The mean age of the cohort was 46.7 years (SD=16.0), and 50.3% (N=31,104) were men. Among patients who had used both monotherapy and polypharmacy, the risk of nonpsychiatric hospitalization was significantly lower during polypharmacy use at all total dosage categories above 1.1 DDDs/day with differences up to -13% than during monotherapy use of the same dosage category (for 1.1-<1.4 DDDs/day, adjusted hazard ratio=0.91, 95% CI=0.87-0.95; for 1.4-<1.6 DDDs/day, adjusted hazard ratio=0.91, 95% CI=0.86-0.96; and for ≥1.6 DDDs/day, adjusted hazard ratio=0.87, 95% CI=0.84-0.89). The risk of cardiovascular hospitalization was significantly lower for polypharmacy at the highest total dosage category (-18%, adjusted hazard ratio=0.82, 95% CI=0.72-0.94). The results from the comparisons between monotherapy and no use and between polypharmacy and no use were in line with the primary comparison of polypharmacy and monotherapy within the same individual. Comparison of any polypharmacy use with any monotherapy use showed no significant difference for nonpsychiatric or cardiovascular hospitalization.

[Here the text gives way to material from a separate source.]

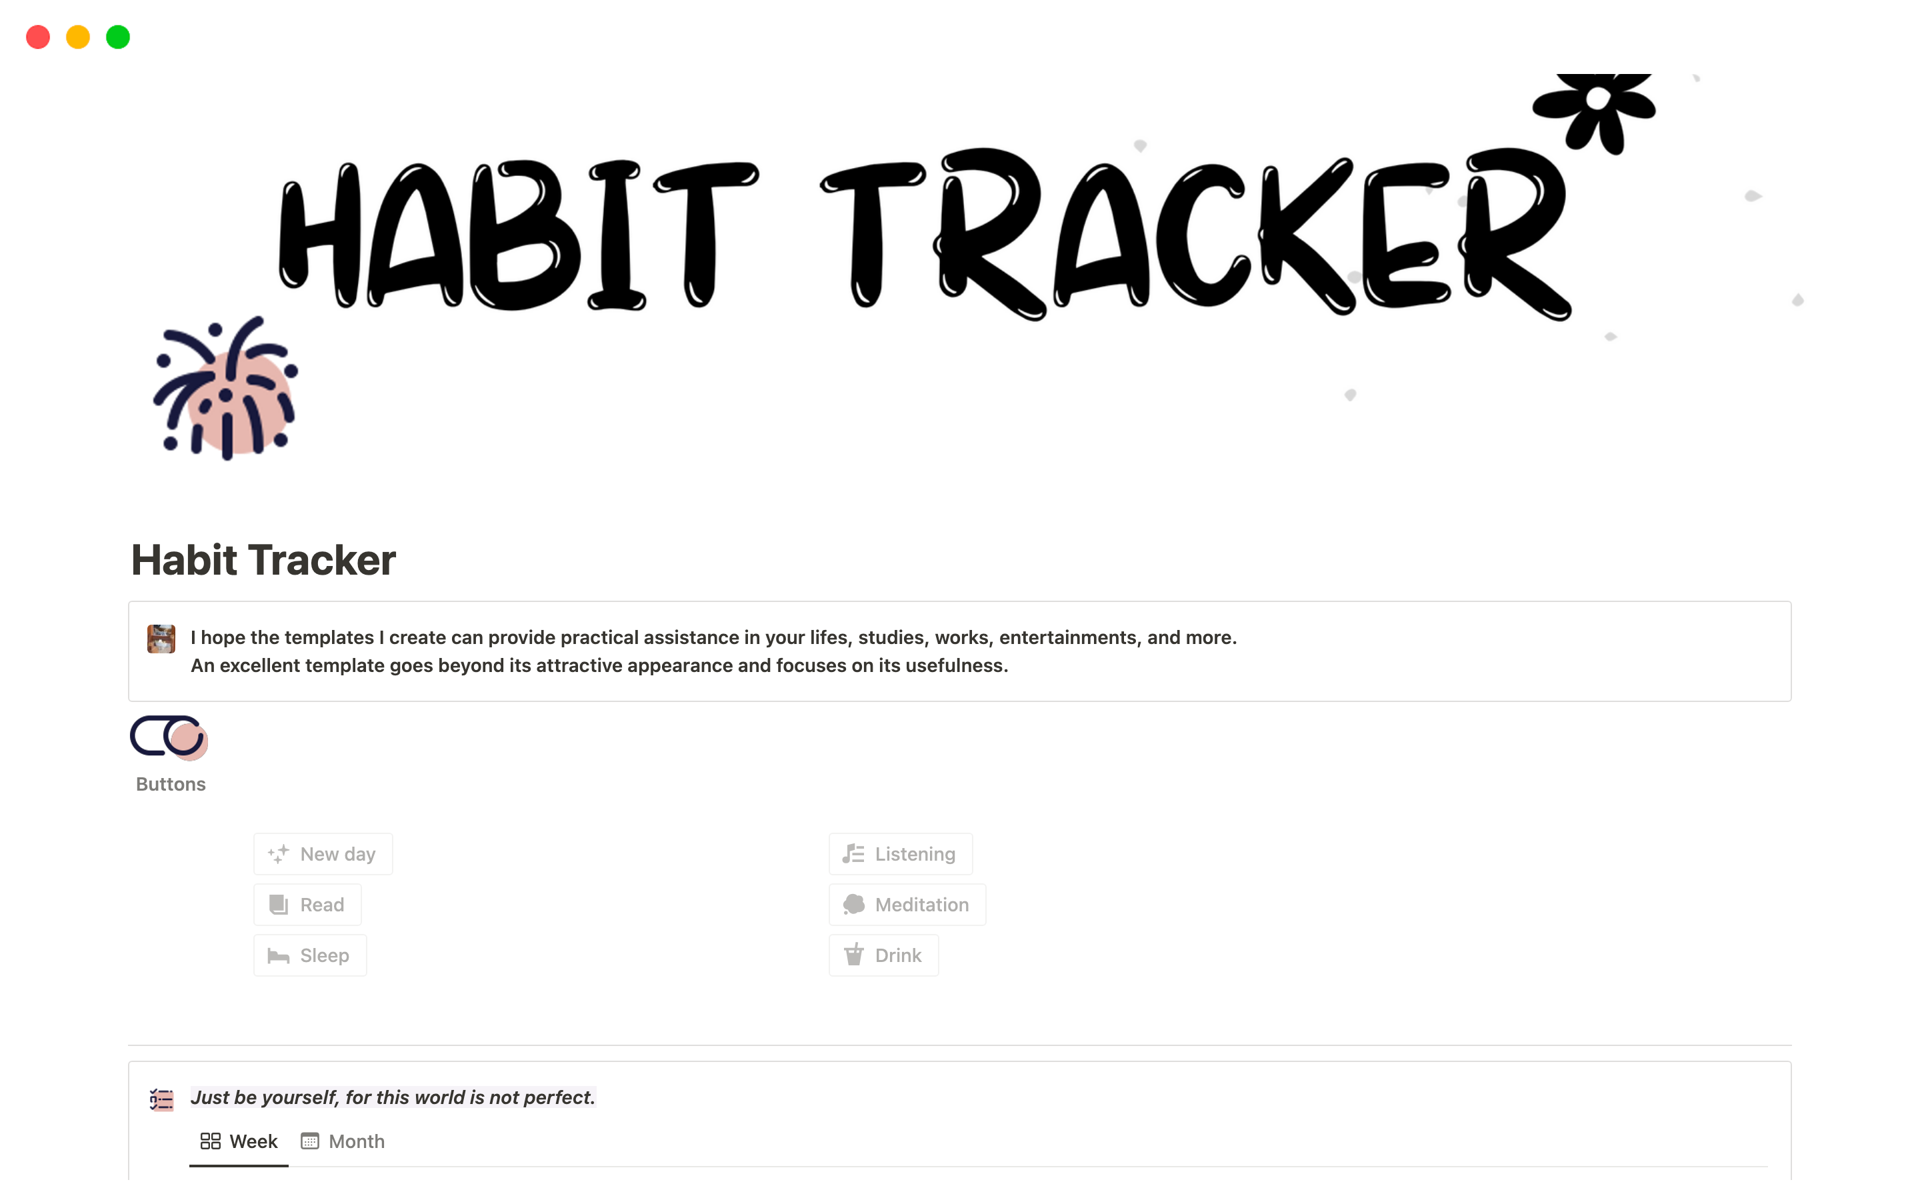 Effortlessly track your habits with the help of this exceptional Notion habit tracker template.
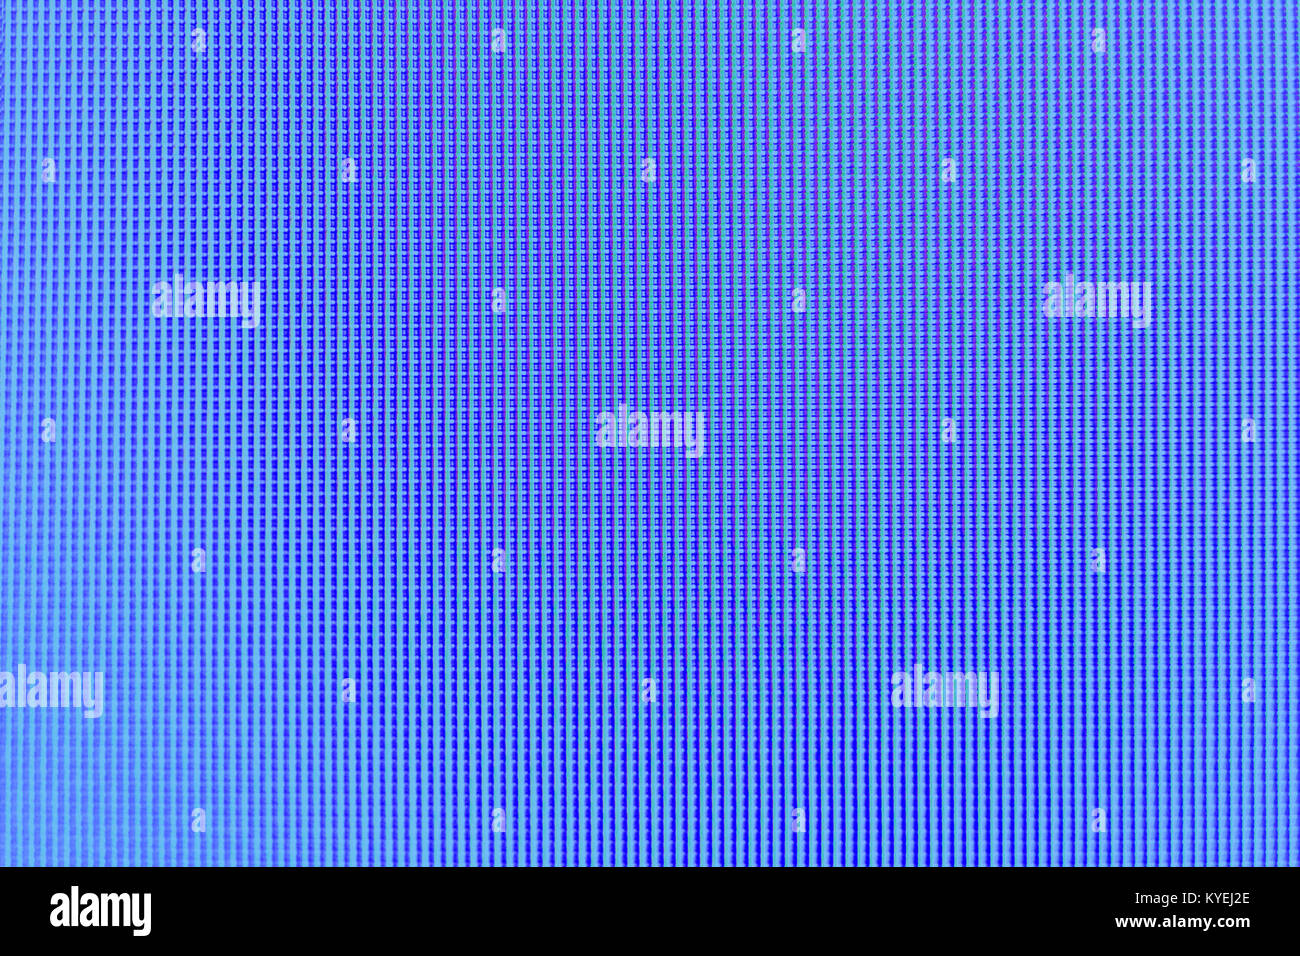 Blue abstract monitor led screen texture background Stock Photo

The results show that antipsychotic monotherapy is not associated with a lower risk of hospitalization for severe physical health problems when compared with antipsychotic polypharmacy. Treatment guidelines should not encourage use of monotherapy instead of antipsychotic polypharmacy without any existing evidence on the safety issues.
作者旨在研究特定剂量类别下的抗精神病药联合用药与单药治疗的安全性。
从芬兰全国住院患者登记处中确定了(N=61889;中位随访时间,14.8 年[IQR=7.4-22.0])患有精神分裂症的患者,并在 1996-2017 年期间对其进行了随访。在七个剂量类别(<0.4、0.4-<0.6、0.6-<0.9、0.9-<1.1、1.1-<1.4、1.4-<1.6 和≥1.6 定义日剂量[DDD])中,将联合用药与单药治疗进行比较,根据非精神科和心血管住院情况(调整后的危害比)评估严重躯体发病率的风险。采用个体内分析以消除选择偏倚。
队列的平均年龄为 46.7 岁(SD=16.0),50.3%(N=31104)为男性。在使用过单药和联合用药的患者中,在所有总剂量类别中,联合用药的非精神科住院风险明显低于单药治疗相同剂量类别,差异最高可达-13%(1.1-<1.4 DDD/天,调整后的危害比=0.91,95%CI=0.87-0.95;1.4-<1.6 DDD/天,调整后的危害比=0.91,95%CI=0.86-0.96;≥1.6 DDD/天,调整后的危害比=0.87,95%CI=0.84-0.89)。在最高总剂量类别中,联合用药的心血管住院风险显著降低(-18%,调整后的危害比=0.82,95%CI=0.72-0.94)。与单药治疗和未使用药物的比较结果以及与未使用药物的联合用药比较结果均与同一个体中单药治疗与联合用药的主要比较结果一致。与任何单药治疗相比,任何联合用药治疗的非精神科或心血管住院风险均无显著差异。
结果表明,与抗精神病药联合用药相比,抗精神病药单药治疗并不会降低严重躯体健康问题的住院风险。在没有关于安全性问题的现有证据的情况下,治疗指南不应鼓励在没有任何证据的情况下使用单药治疗代替抗精神病药联合用药。